In the records below, find the line containing "Schweiz, 1960er Jahre" and the line containing "Ein Paar lederne". Give again exactly those lines and every line between them, omitting the pictures.

The data:
- Opening Delimiter -

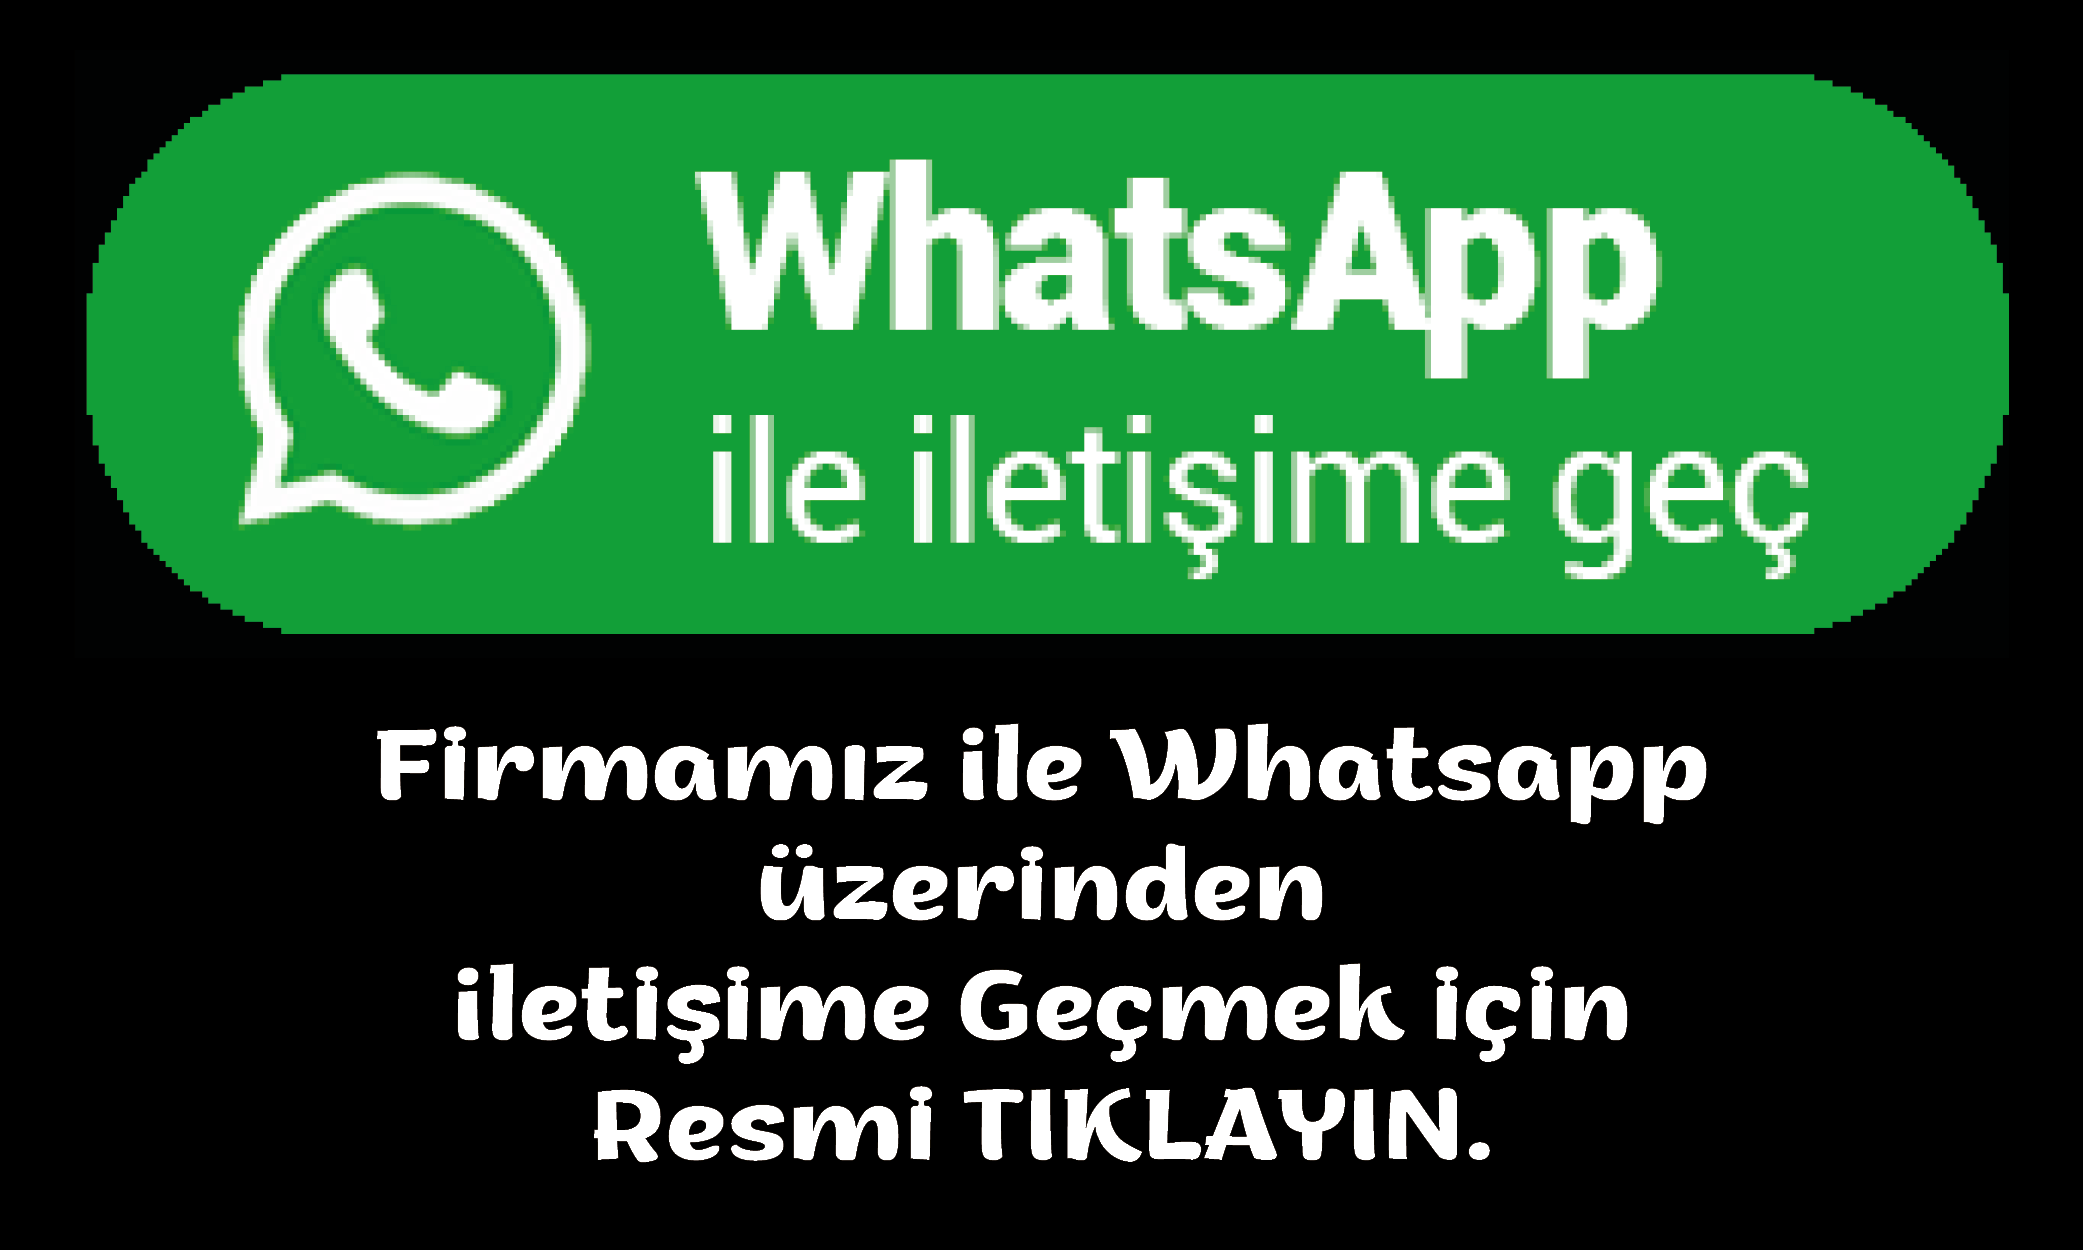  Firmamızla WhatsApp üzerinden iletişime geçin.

- Closing Delimiter -
- Opening Delimiter -

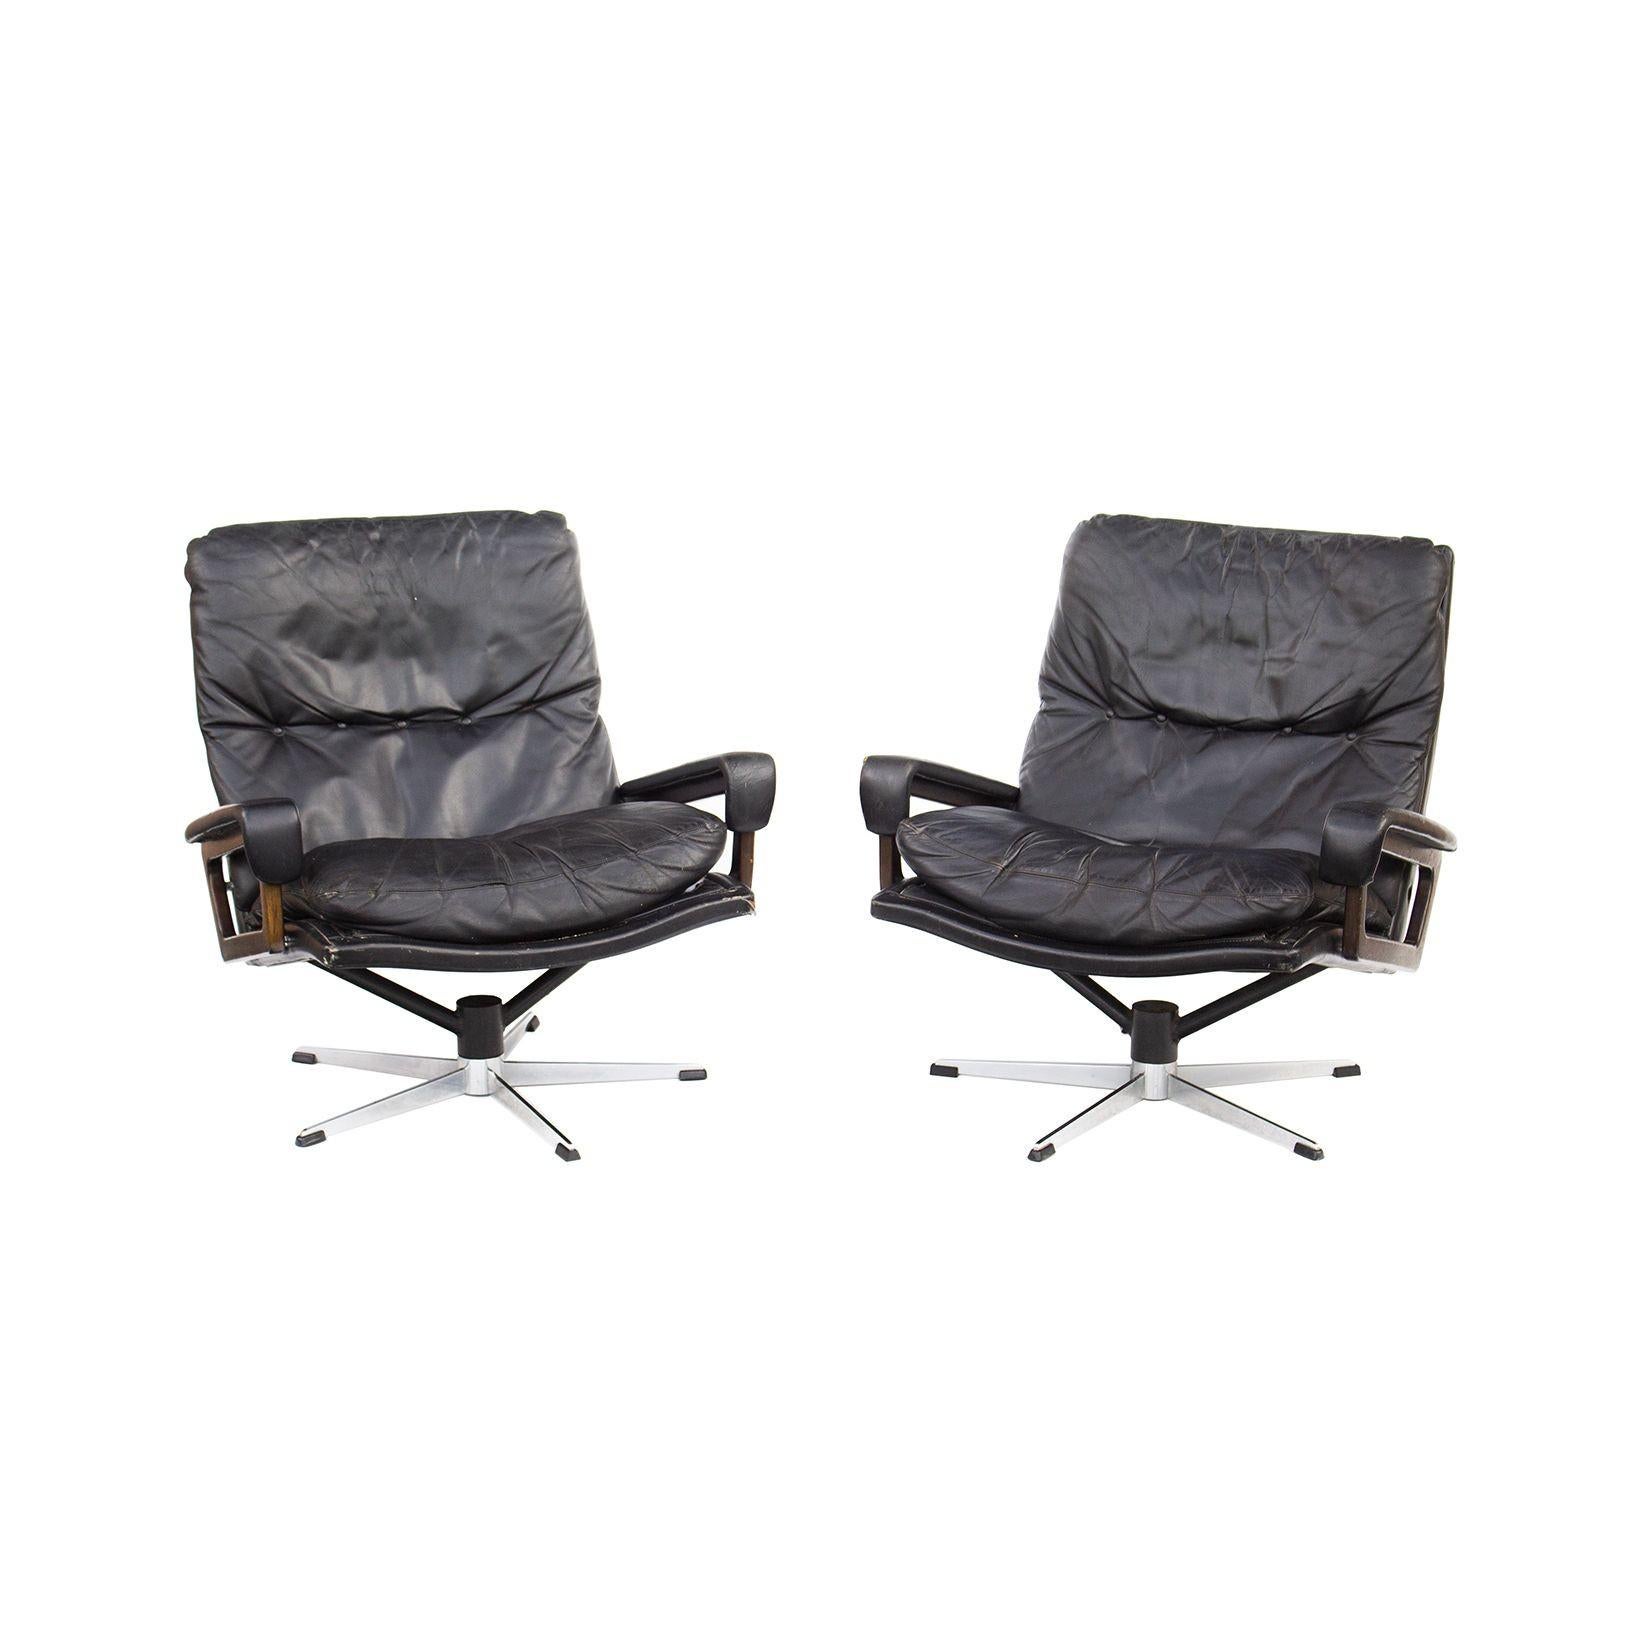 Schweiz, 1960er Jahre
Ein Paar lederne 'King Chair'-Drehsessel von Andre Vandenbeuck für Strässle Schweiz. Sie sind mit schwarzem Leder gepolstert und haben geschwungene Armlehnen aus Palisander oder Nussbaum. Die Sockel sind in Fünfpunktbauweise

- Closing Delimiter -
- Opening Delimiter -

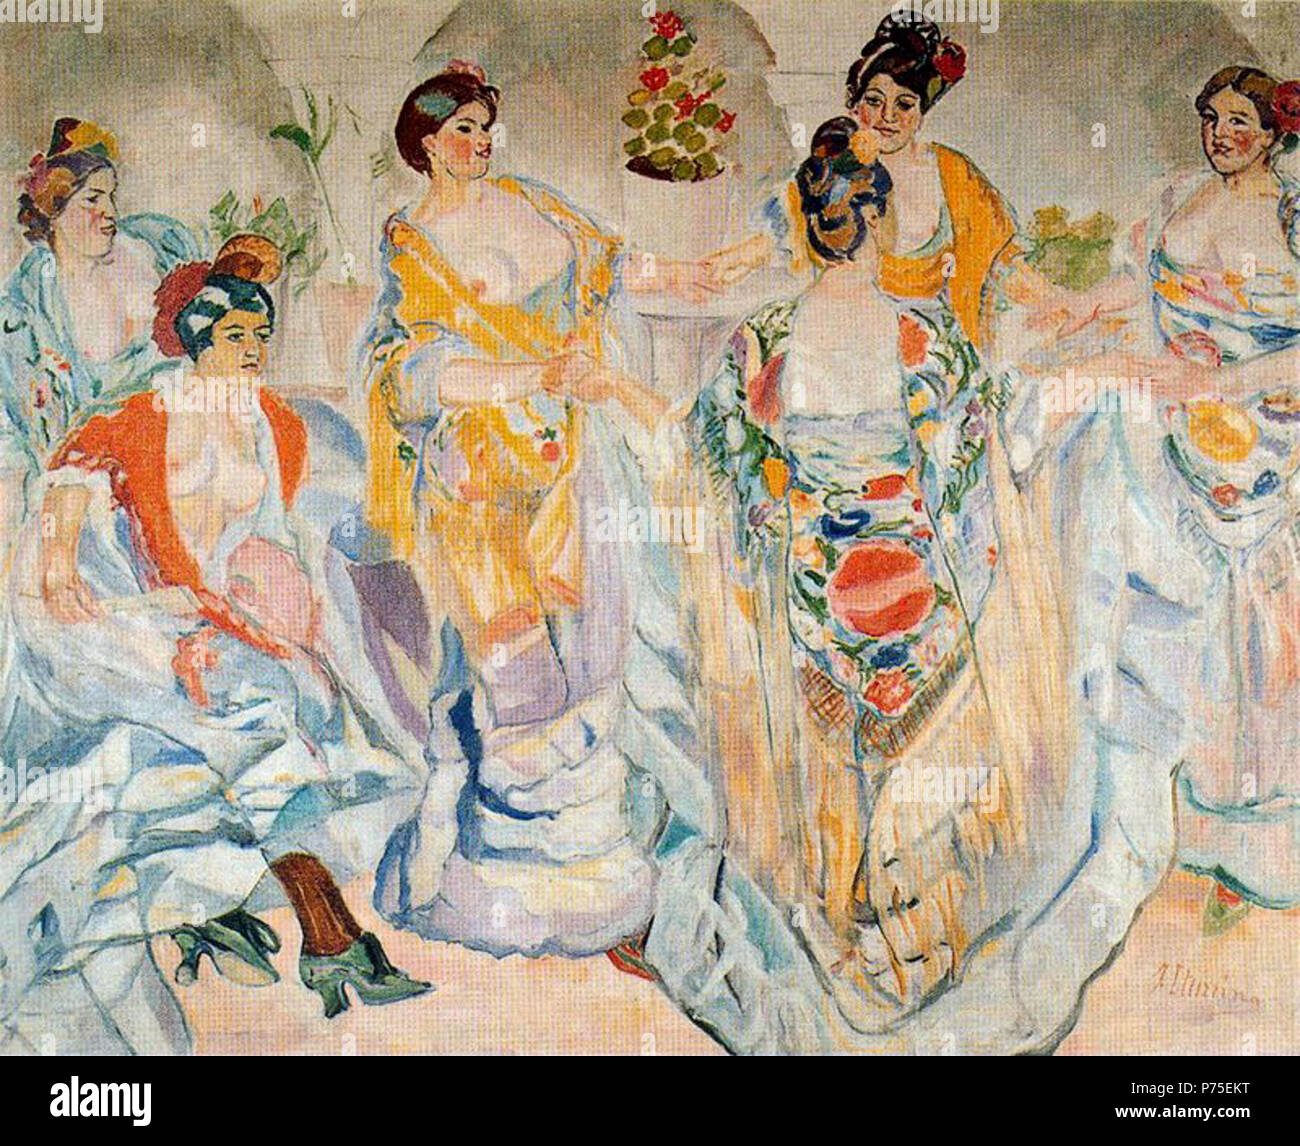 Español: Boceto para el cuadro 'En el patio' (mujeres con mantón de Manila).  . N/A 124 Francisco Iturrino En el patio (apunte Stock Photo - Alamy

- Closing Delimiter -

Response for this exercise:
 Schweiz, 1960er Jahre
Ein Paar lederne 'King Chair'-Drehsessel von Andre Vandenbeuck für Strässle Schweiz. Sie sind mit schwarzem Leder gepolstert und haben geschwungene Armlehnen aus Palisander oder Nussbaum. Die Sockel sind in Fünfpunktbauweise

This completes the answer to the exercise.